§ **Problem requirements**
Produce a word-for-word copy of the listing below without its pictures.

§ **Stored data**
- Opening Delimiter -
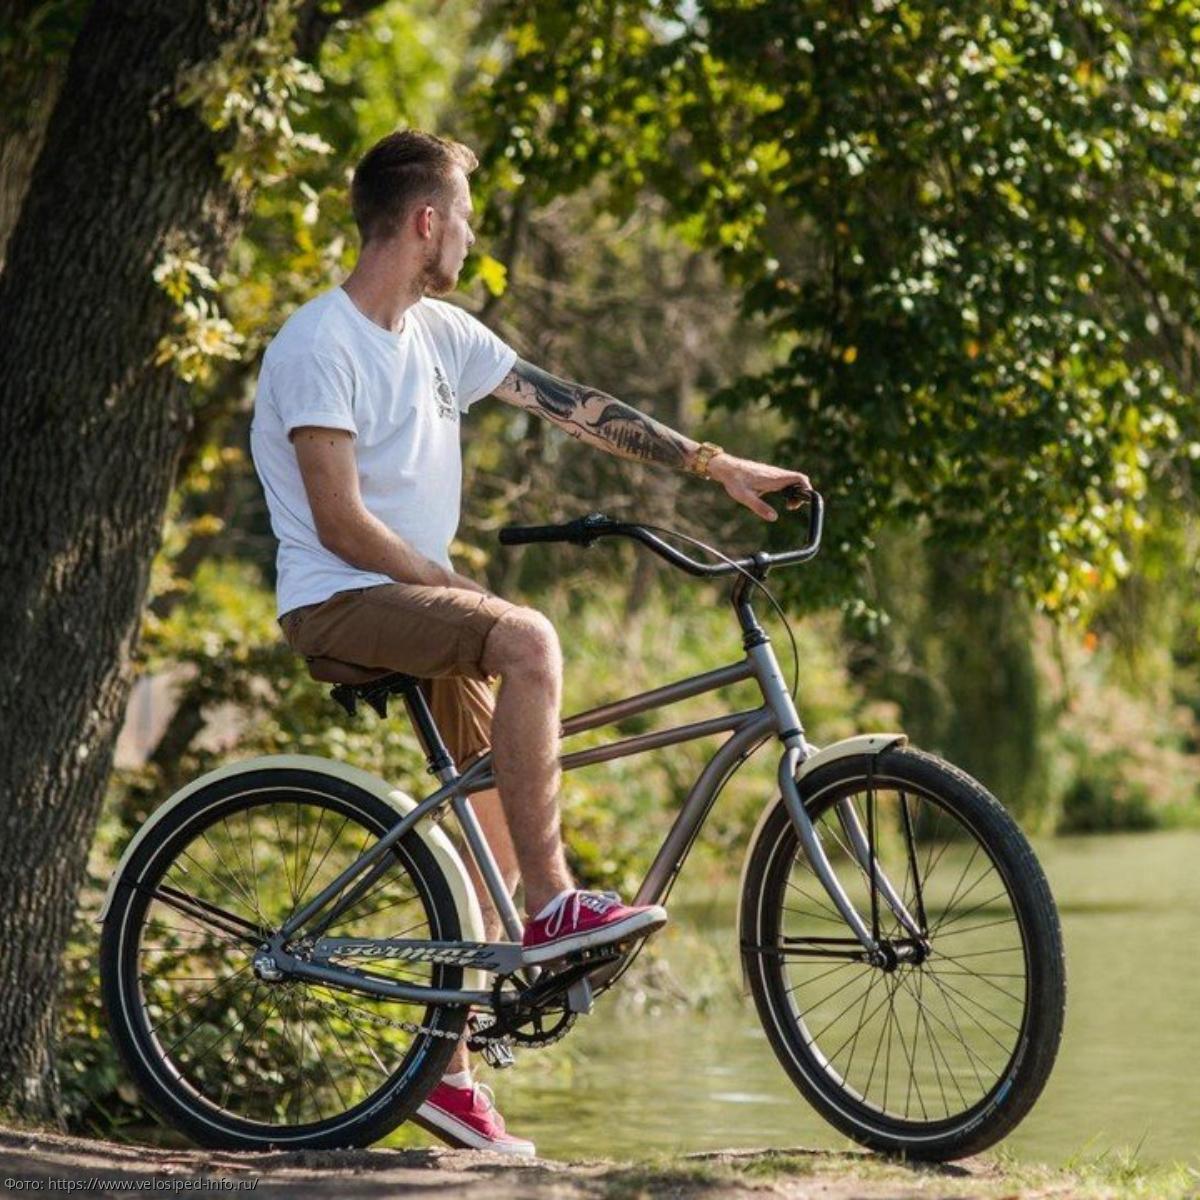 ТОП 10 лучших городских велосипедов для мужчин 2020 года
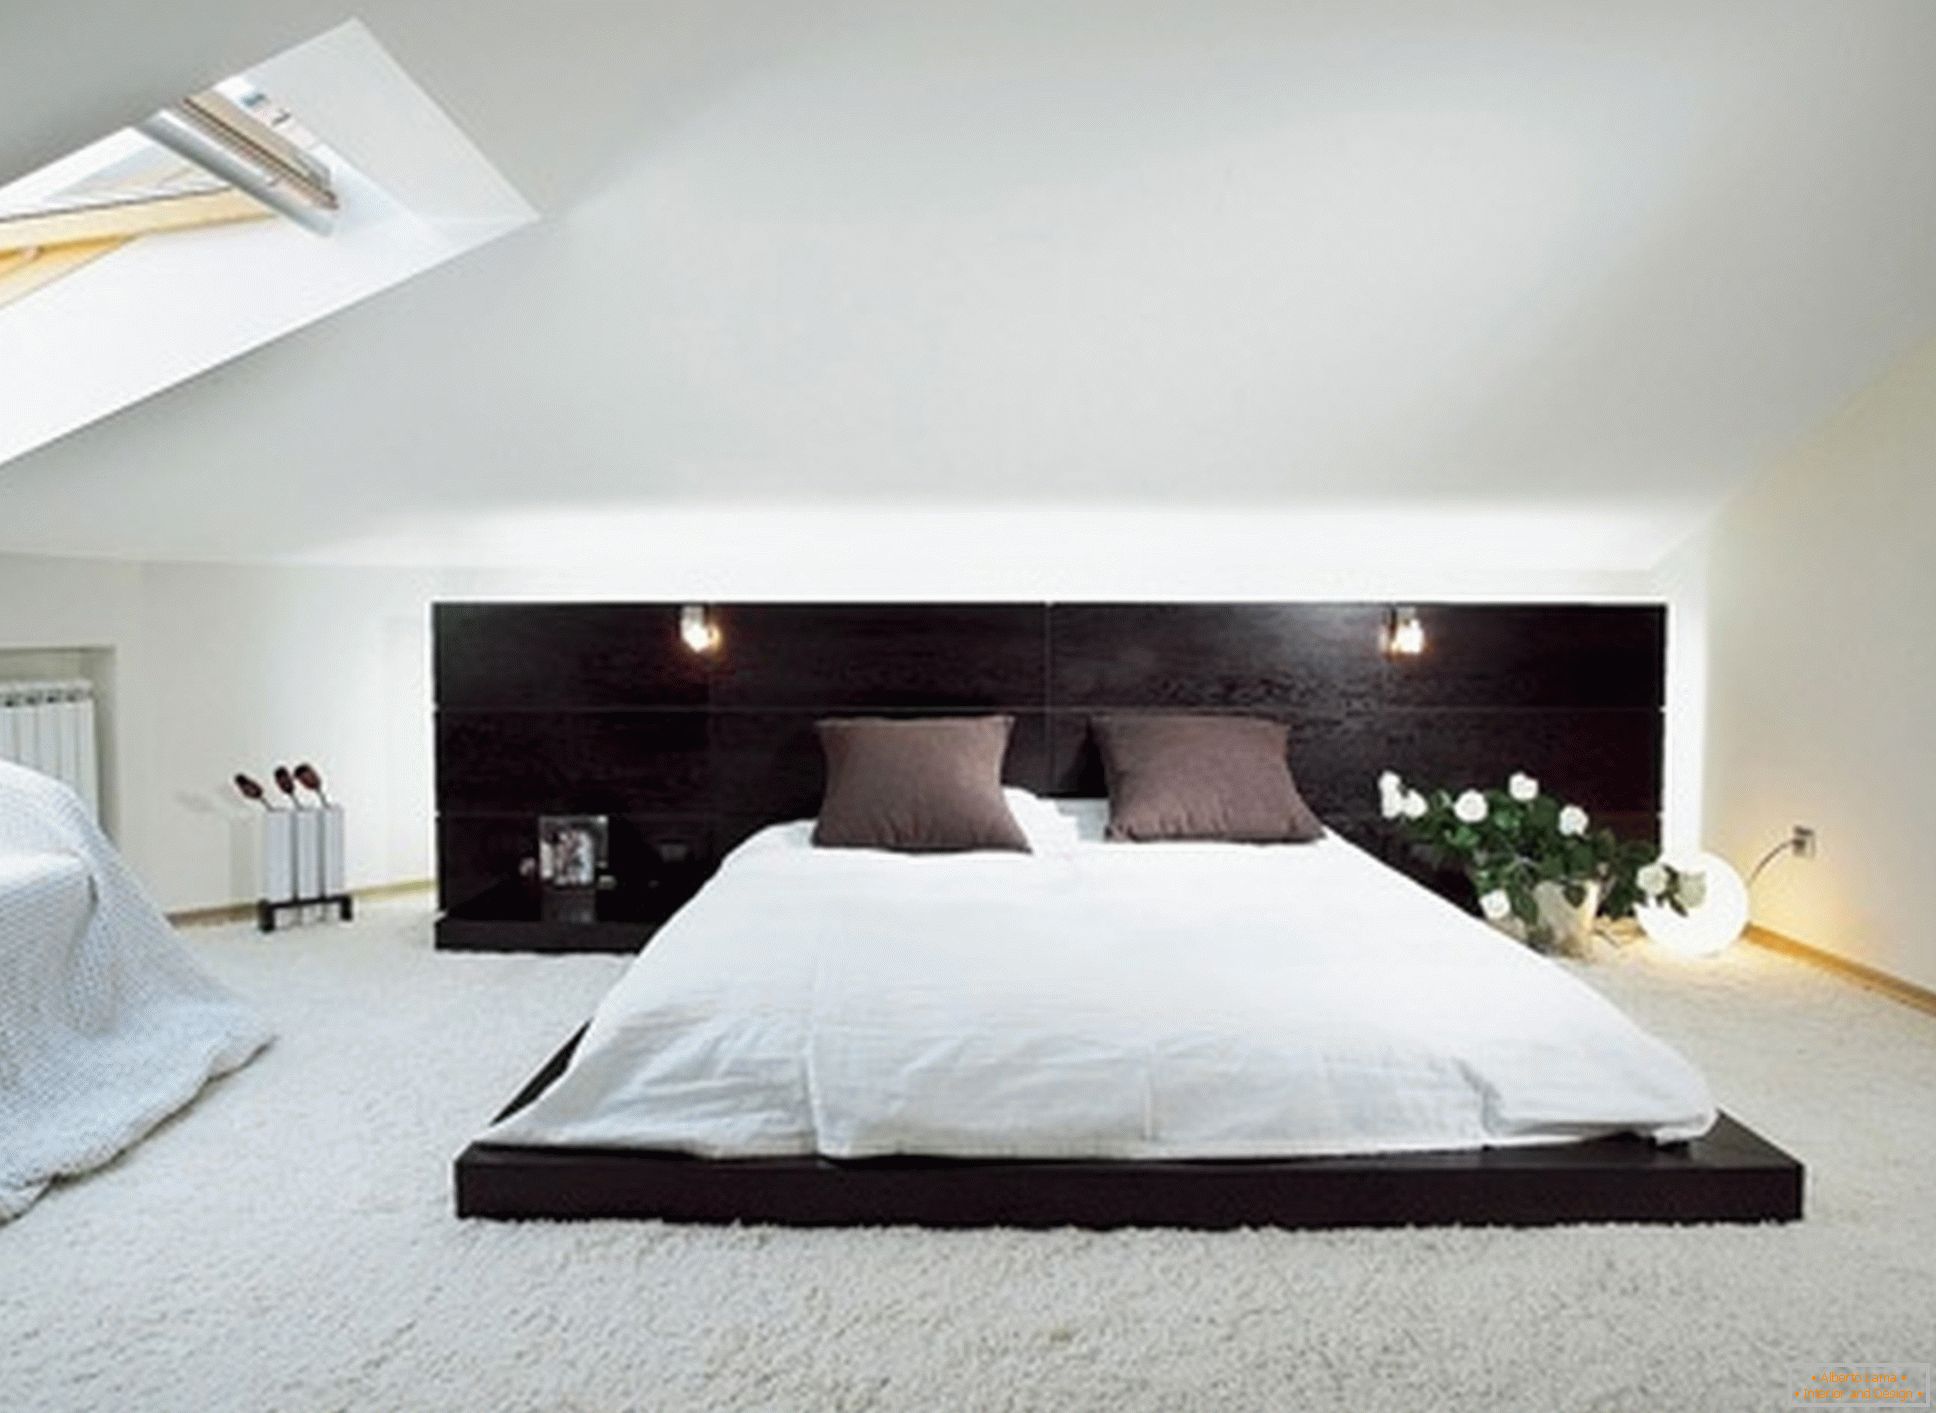 Luksusowa sypialnia w stylu minimalizmu - przykład udanego projektu małego pokoju na poddaszu.
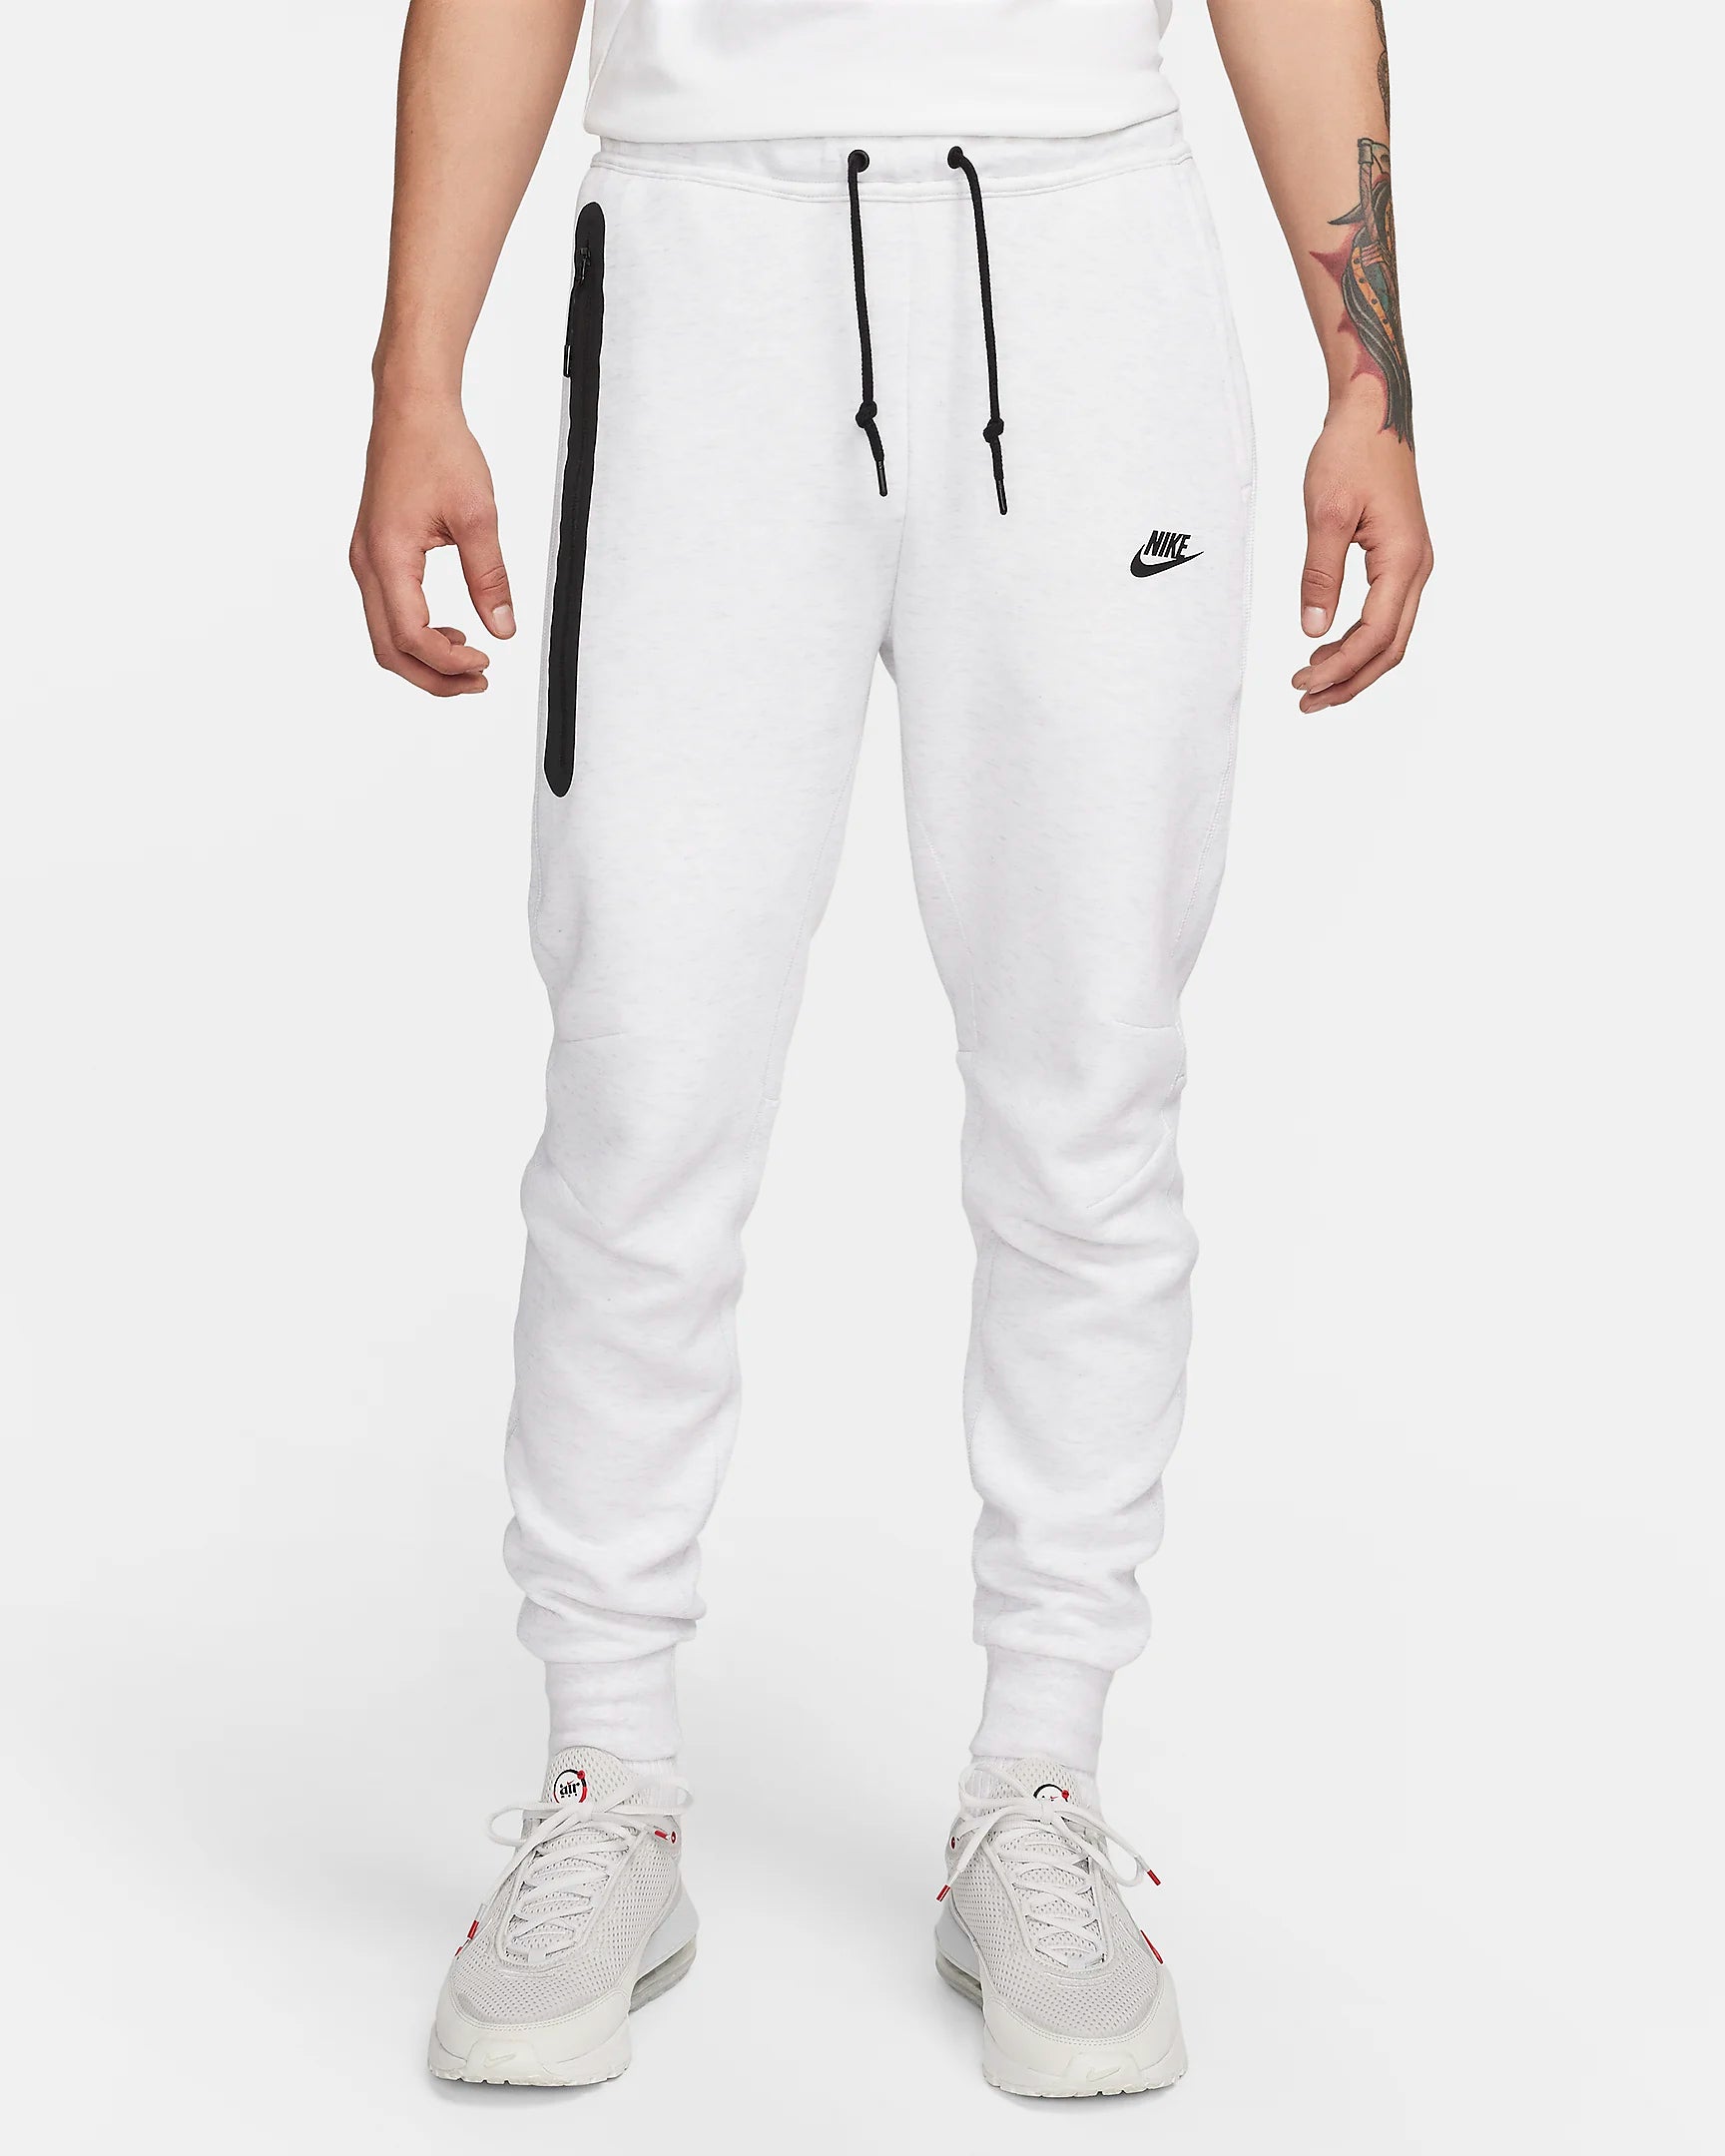 Pantalon Nike Tech Fleece – Grau/Schwarz
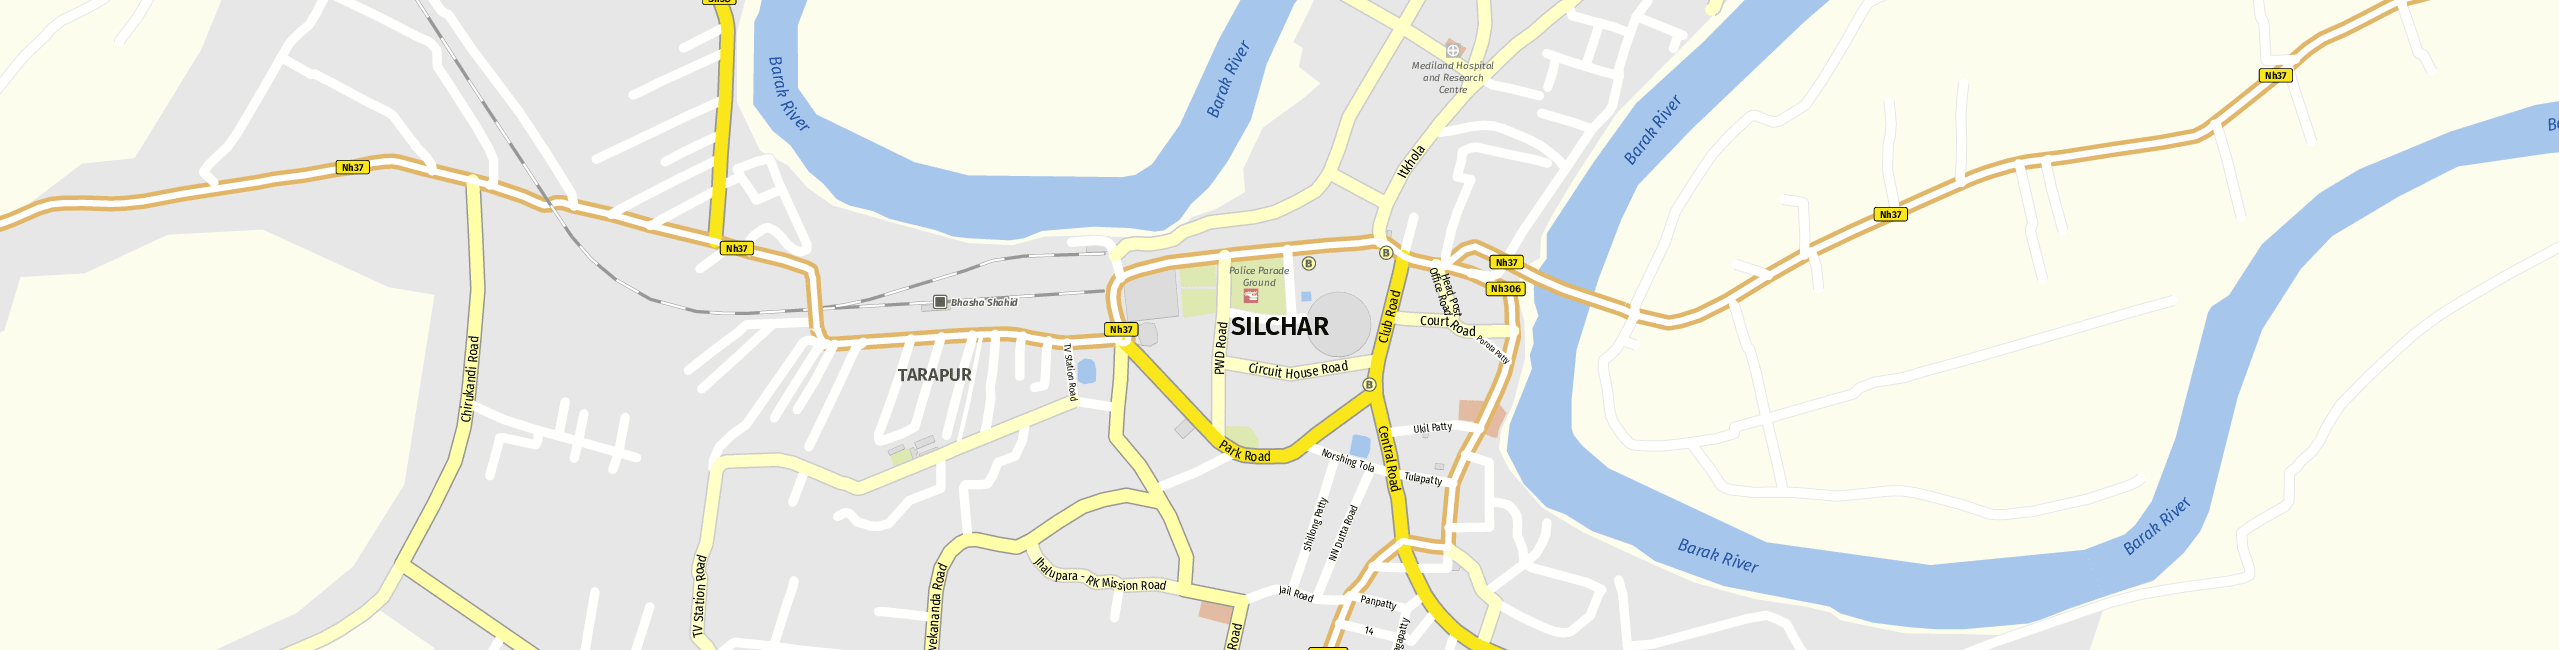 Stadtplan Silchar zum Downloaden.
- Closing Delimiter -
§ **Answer section**
 ТОП 10 лучших городских велосипедов для мужчин 2020 года
 Luksusowa sypialnia w stylu minimalizmu - przykład udanego projektu małego pokoju na poddaszu.
 Pantalon Nike Tech Fleece – Grau/Schwarz
 Stadtplan Silchar zum Downloaden.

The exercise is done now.